20 Minuten vor Schluss wechselte das Kleeblatt doppelt: Für Gießelmann und Lemperle kamen positionsgetreu Oussama Haddadi und Lukas Petkov. Die Fürther verteidigten ihre Führung in Unterzahl nun sehr leidenschaftlich, ließen kaum etwas zu und versuchten nach vorne immer wieder Akzente zu setzen. Petkov belebte die Offensive immer wieder, wenngleich ihm in der Nähe des Tores nicht alles gelang. In den letzten Minuten geriet der Fürther Sieg dann aber doch nochmal arg in Gefahr. Ständig flipperte den Ball irgendwo durch den Sechzehner, wo aber immer noch ein Kopf oder Fuß den Einschlag verhinderte.

Lars Stindl traf in der 90. Minute nur das Außennetz, vor Beginn der siebenminütigen Nachspielzeit wechselte das Kleeblatt erneut.
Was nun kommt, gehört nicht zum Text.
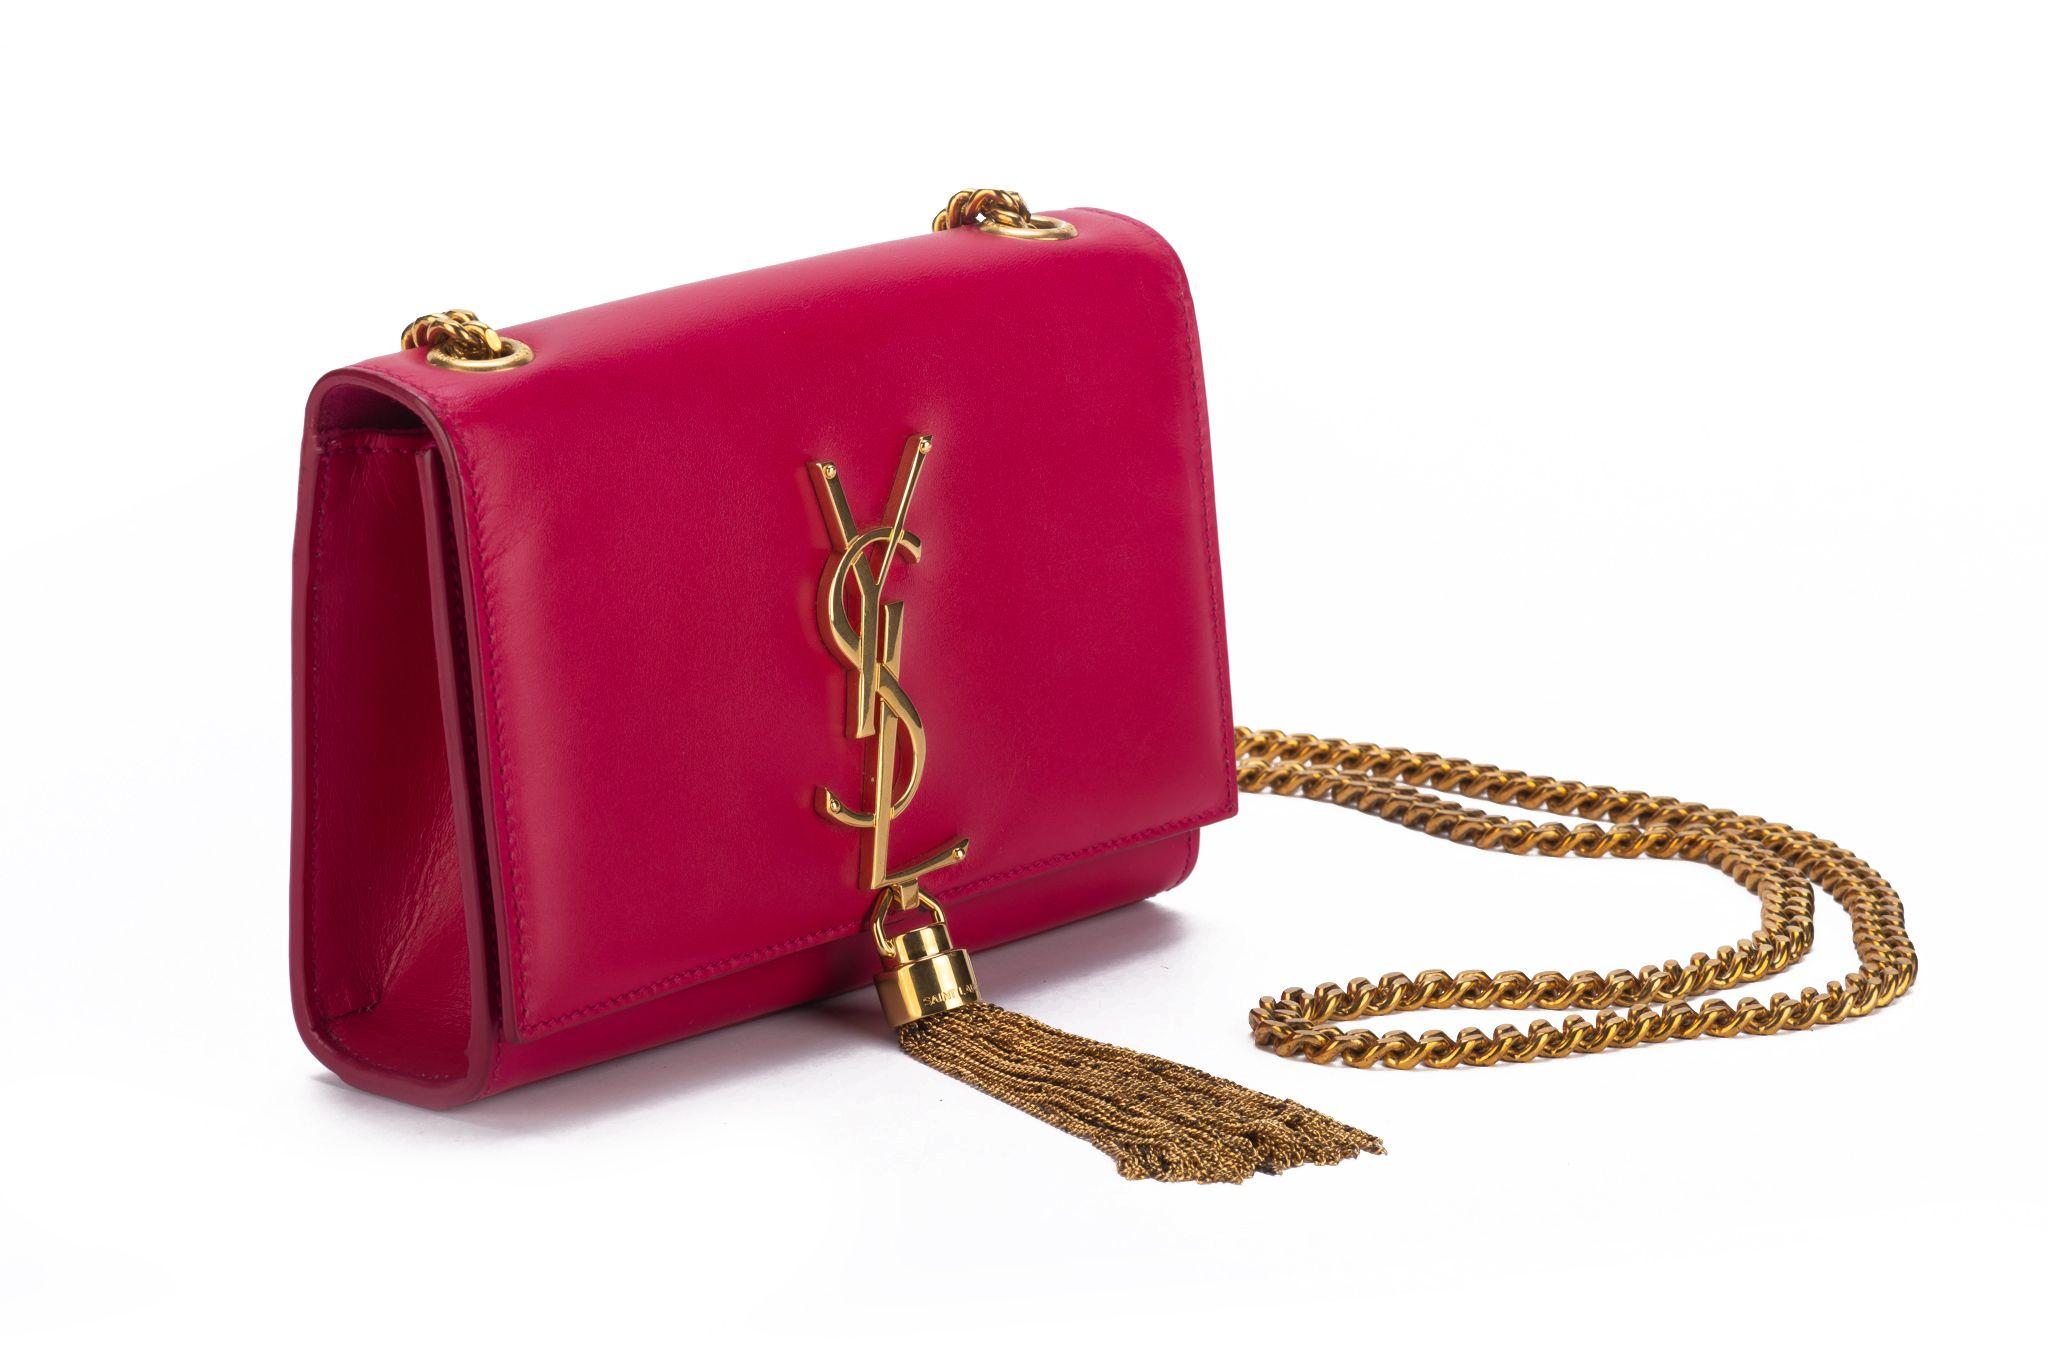 Yves Saint Laurent preloved fuchsia leather cross body bag with gold tassel and chain. Shoulder drop 23”. Comes with booklet and original dust cover.

Dennis Srbeny und Gideon Jung kamen für Branimir Hrgota und Dickson Abiama. An der Seitenlinie lieferten sich die Fürther und Karlsruher Verantwortlichen einen wilden (verbalen) Schlagabtausch, jeder Karlsruher Angreifer wurde von einem lauten Pfeifkonzert von den Rängen, jede gelungene Verteidigungsaktion mit lautem Jubel begleitet. Nach einer letzten Grätsche von Gideon Jung pfiff Ittrich ein letztes Mal - und der Ronhof rastete aus.

Nach fünf sieglosen Spielen hatte das Kleeblatt erstmals wieder gewonnen - und sich diesen Erfolg mit einem leidenschaftlichen Kampf verdient.